EXERCISE AIM: Taking the line with "Anzahl allgemeine Spitäler in der Schweiz" as the first and the line with "TOMEI Pizzazz in" as the last, set down the lines below exactly, pictures excluded.

LISTED ENTRIES:
▼
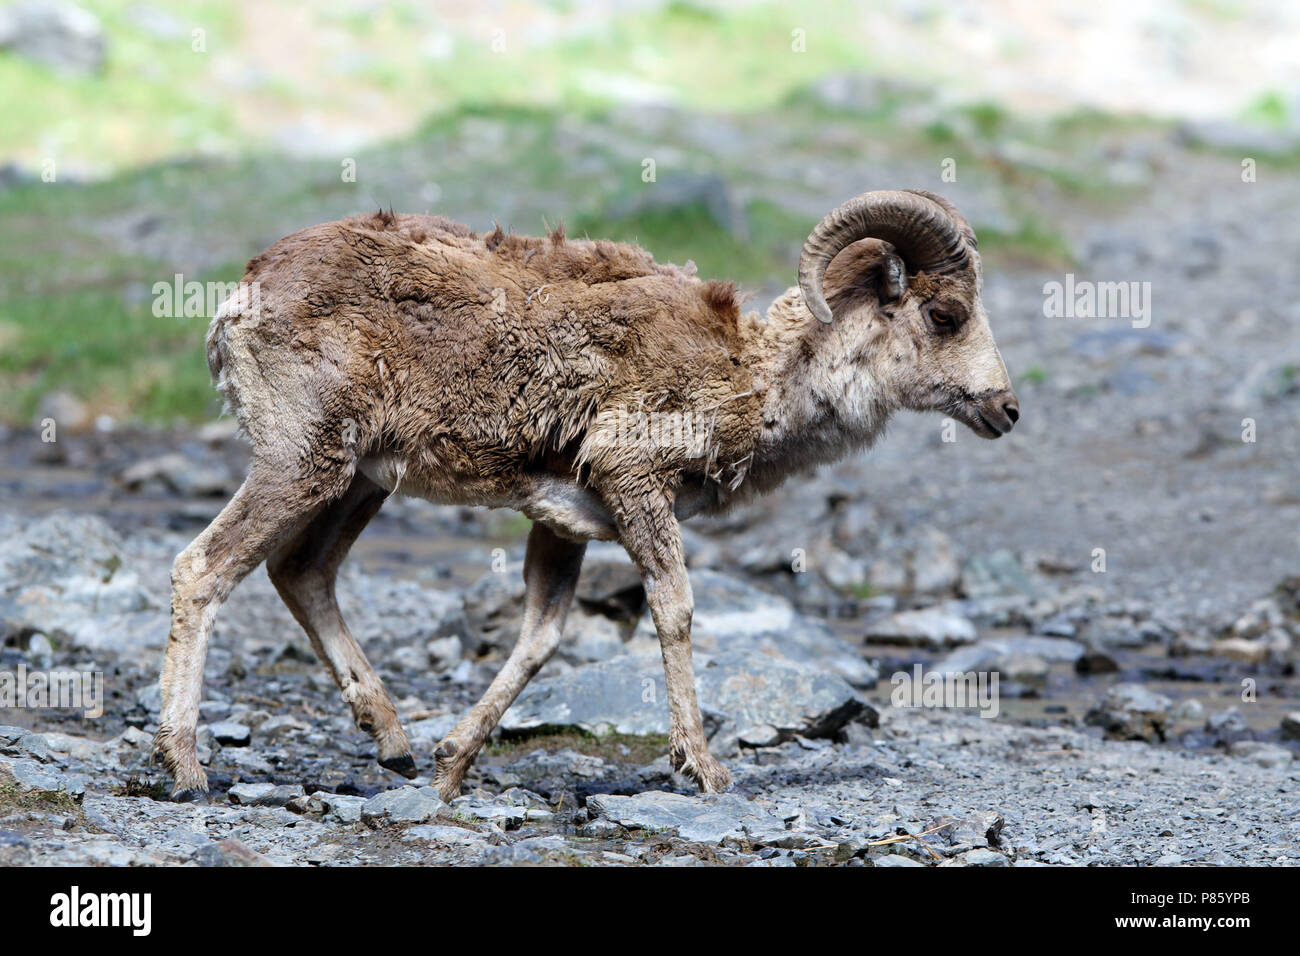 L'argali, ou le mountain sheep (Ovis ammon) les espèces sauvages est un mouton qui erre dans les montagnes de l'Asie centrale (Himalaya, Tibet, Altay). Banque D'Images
▲
▼
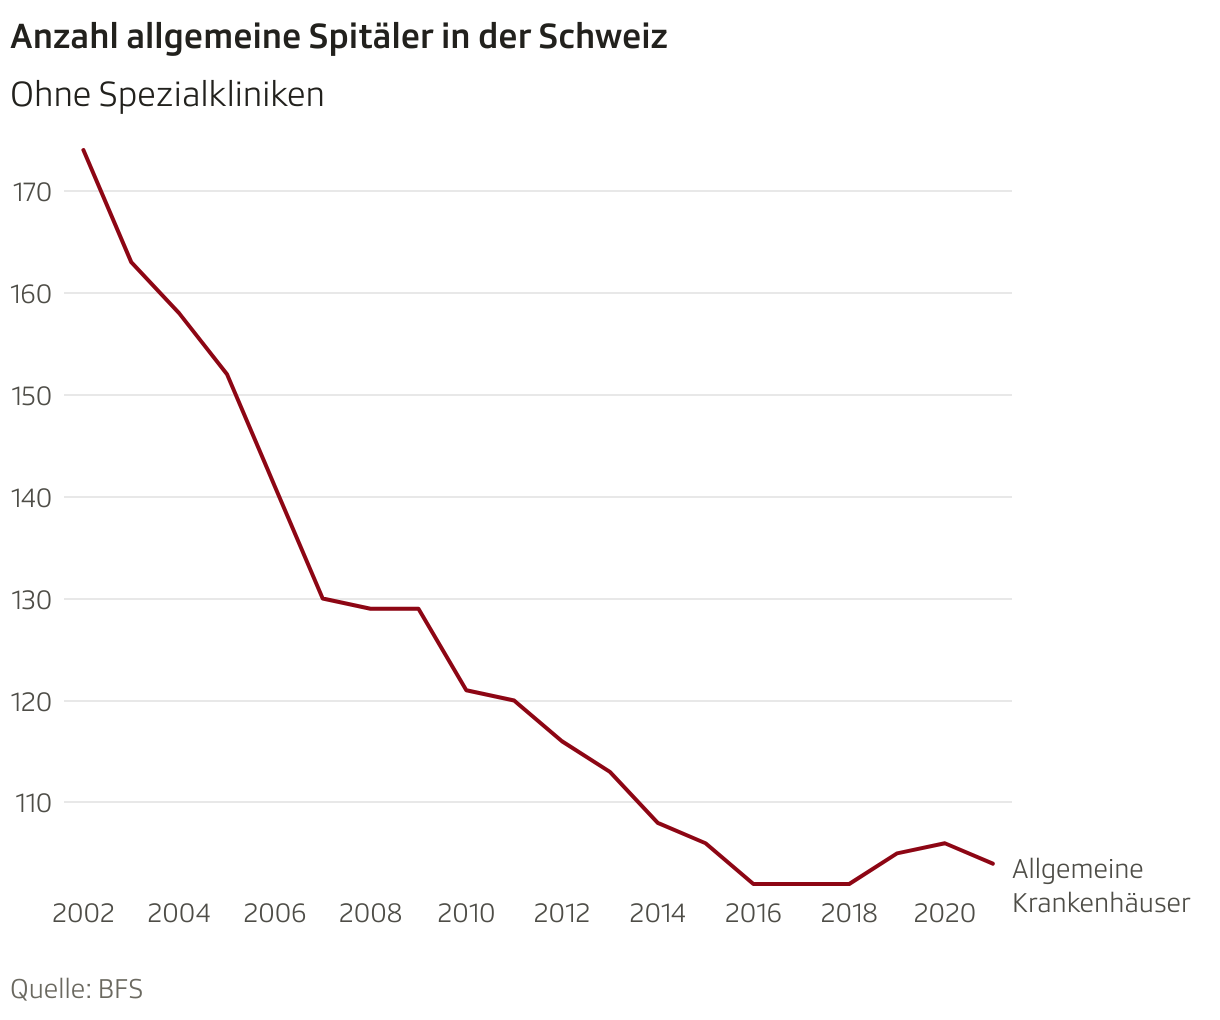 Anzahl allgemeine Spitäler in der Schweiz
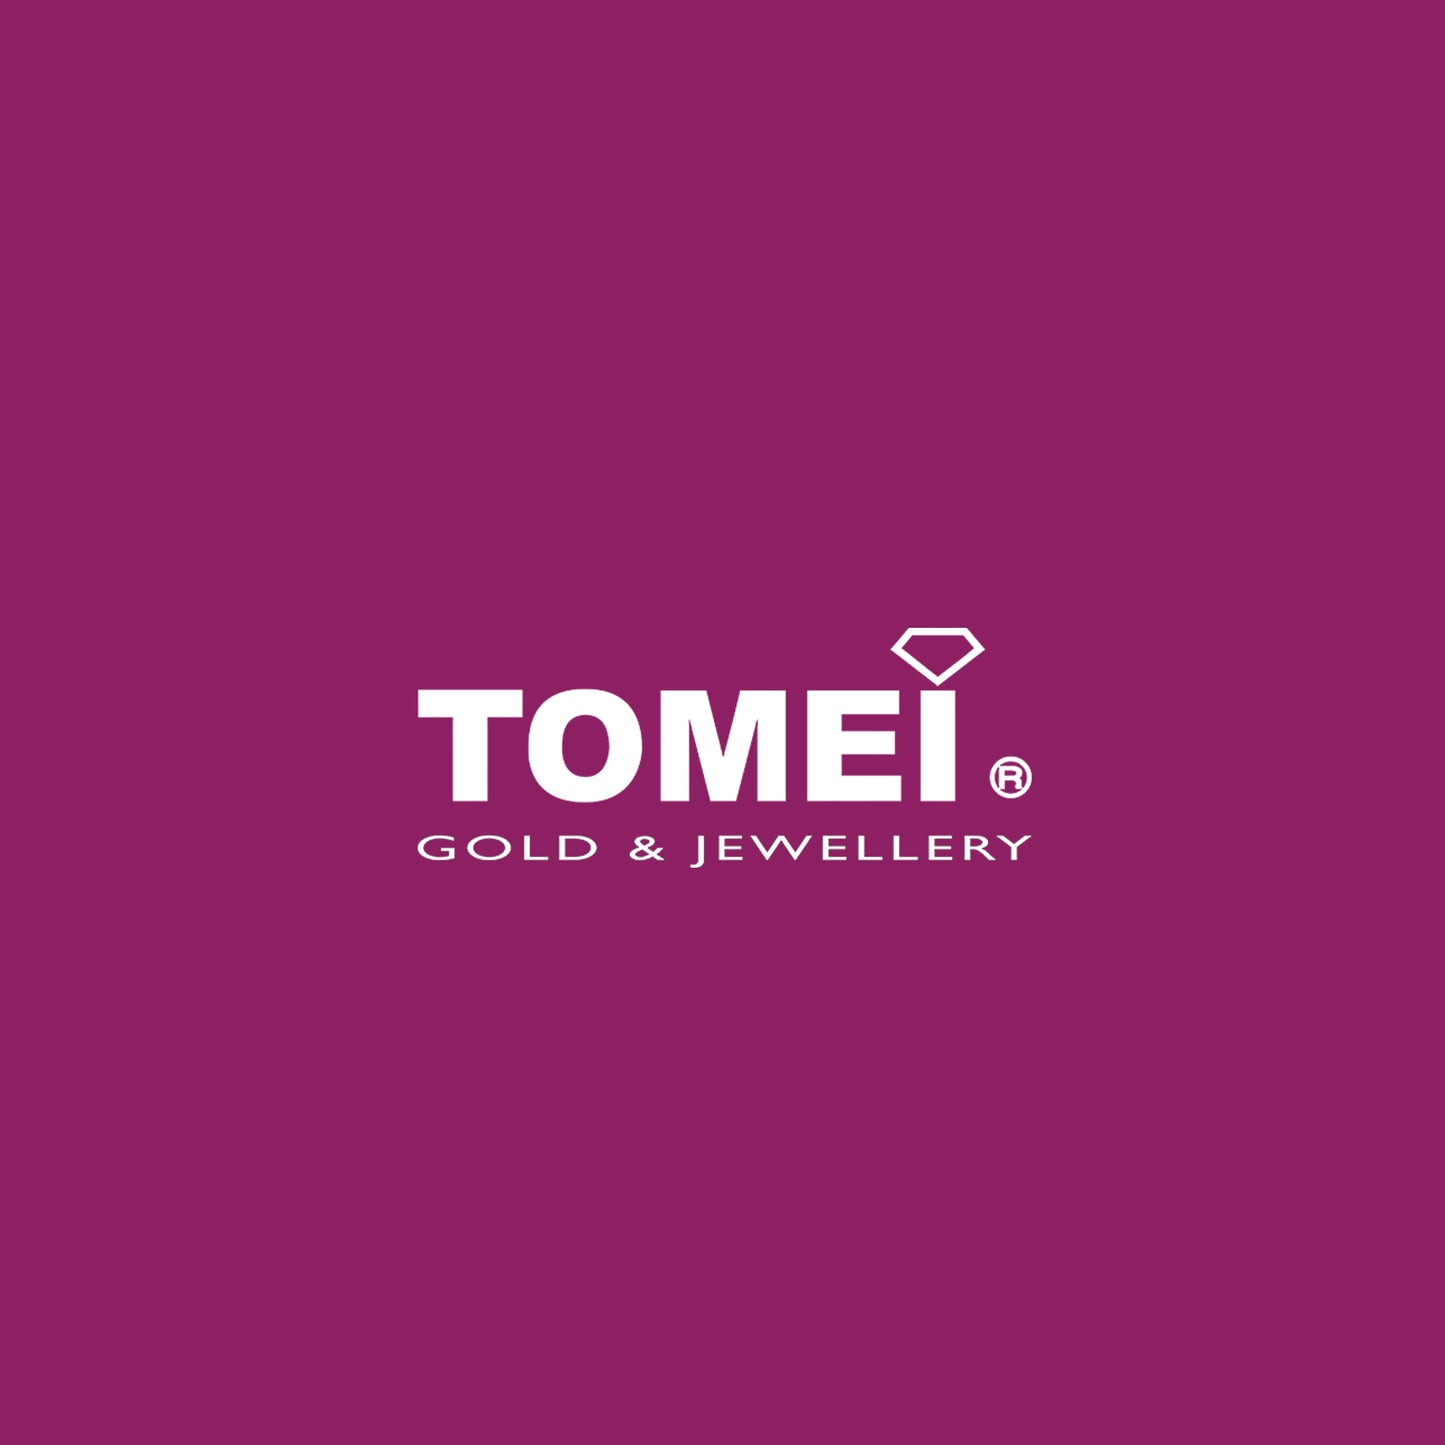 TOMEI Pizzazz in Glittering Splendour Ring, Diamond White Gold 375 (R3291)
▲
OUTPUT FOR THIS TASK:
 Anzahl allgemeine Spitäler in der Schweiz
 TOMEI Pizzazz in Glittering Splendour Ring, Diamond White Gold 375 (R3291)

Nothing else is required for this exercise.